Automatic segmentation of vocal tract articulators in real-time magnetic resonance imaging
Vinicius Ribeiro,Karyna Isaieva,Justine Leclere,Jacques Felblinger,Pierre-André Vuissoz,Yves Laprie
DOI: https://doi.org/10.1016/j.cmpb.2023.107907
IF: 6.1
2024-01-01
Computer Methods and Programs in Biomedicine
Abstract:BACKGROUND AND OBJECTIVES: The characterization of the vocal tract geometry during speech interests various research topics, including speech production modeling, motor control analysis, and speech therapy design. Real-time MRI is a reliable and non-invasive tool for this purpose. In most cases, it is necessary to know the contours of the individual articulators from the glottis to the lips. Several techniques have been proposed for segmenting vocal tract articulators, but most are limited to specific applications. Moreover, they often do not provide individualized contours for all soft-tissue articulators in a multi-speaker configuration.METHODS: A Mask R-CNN network was trained to detect and segment the vocal tract articulator contours in two real-time MRI (RT-MRI) datasets with speech recordings of multiple speakers. Two post-processing algorithms were then proposed to convert the network's outputs into geometrical curves. Nine articulators were considered: the two lips, tongue, soft palate, pharynx, arytenoid cartilage, epiglottis, thyroid cartilage, and vocal folds. A leave-one-out cross-validation protocol was used to evaluate inter-speaker generalization.

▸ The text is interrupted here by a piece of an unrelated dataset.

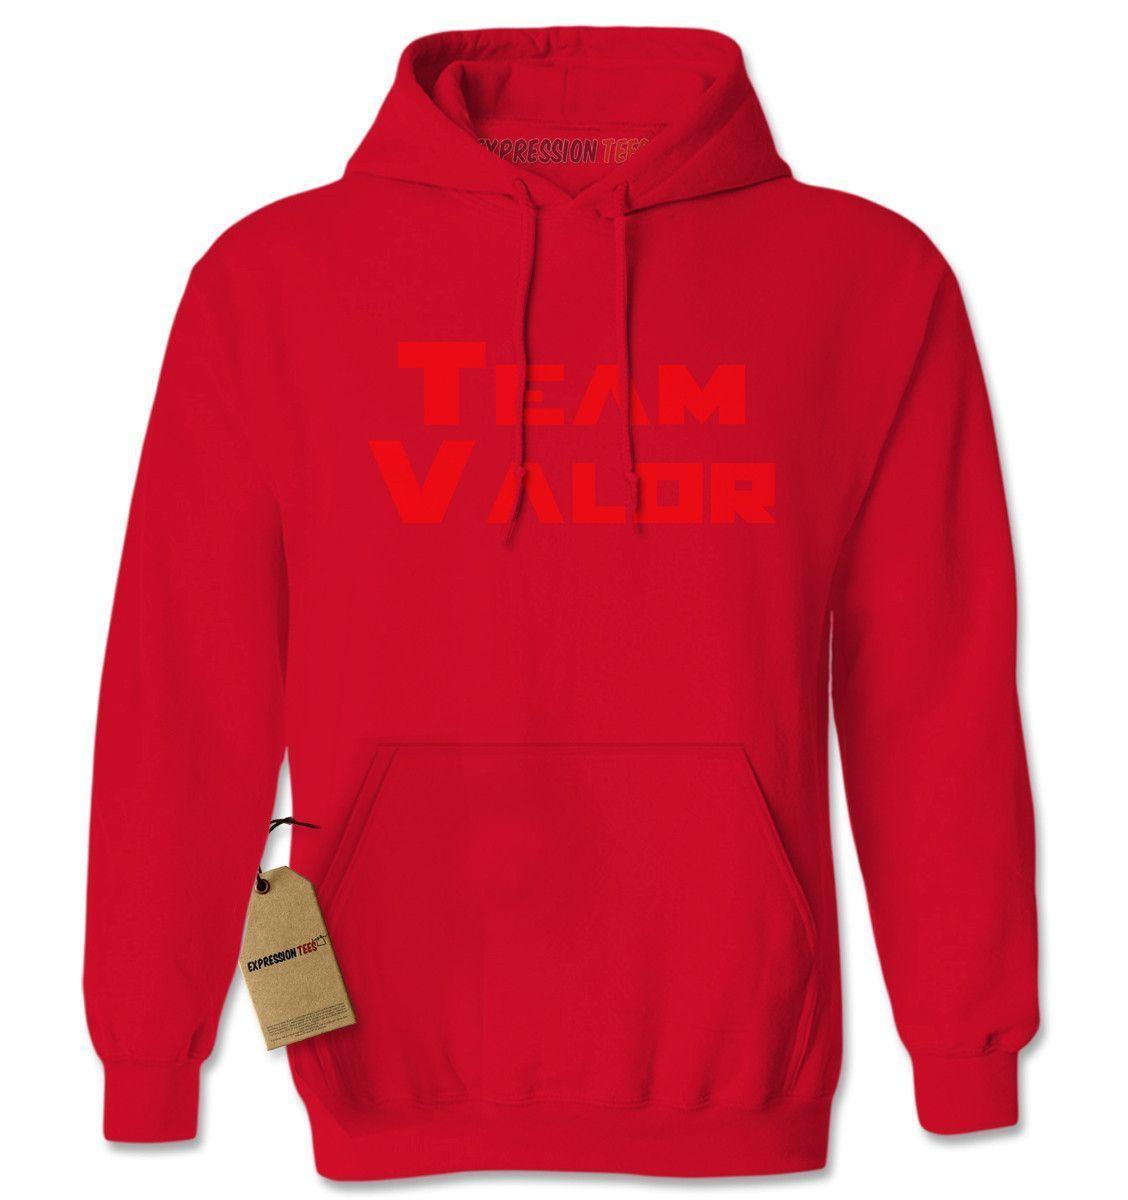 Team Valor - Represent Your GO Faction Adult Hoodie Sweatshirt

The evaluation metrics were the point-to-closest-point distance and the Jaccard index (for articulators annotated as closed contours).RESULTS: The proposed method accurately segmented the vocal tract articulators, with an average root mean square point-to-closest-point distance of less than 2.2mm for all the articulators in the leave-one-out cross-validation setting. The minimum P2CP<sub>RMS</sub> was 0.91mm for the upper lip, and the maximum was 2.18mm for the tongue. The Jaccard indices for the thyroid cartilage and vocal folds were 0.60 and 0.61, respectively. Additionally, the method adapted to a new subject with only ten annotated samples.CONCLUSIONS: Our research introduced a method for individually segmenting nine non-rigid vocal tract articulators in real-time MRI movies. The software is openly available as an installable package to the speech community. It is designed to develop speech applications and clinical and non-clinical research in fields that require vocal tract geometry, such as speech, singing, and human beatboxing.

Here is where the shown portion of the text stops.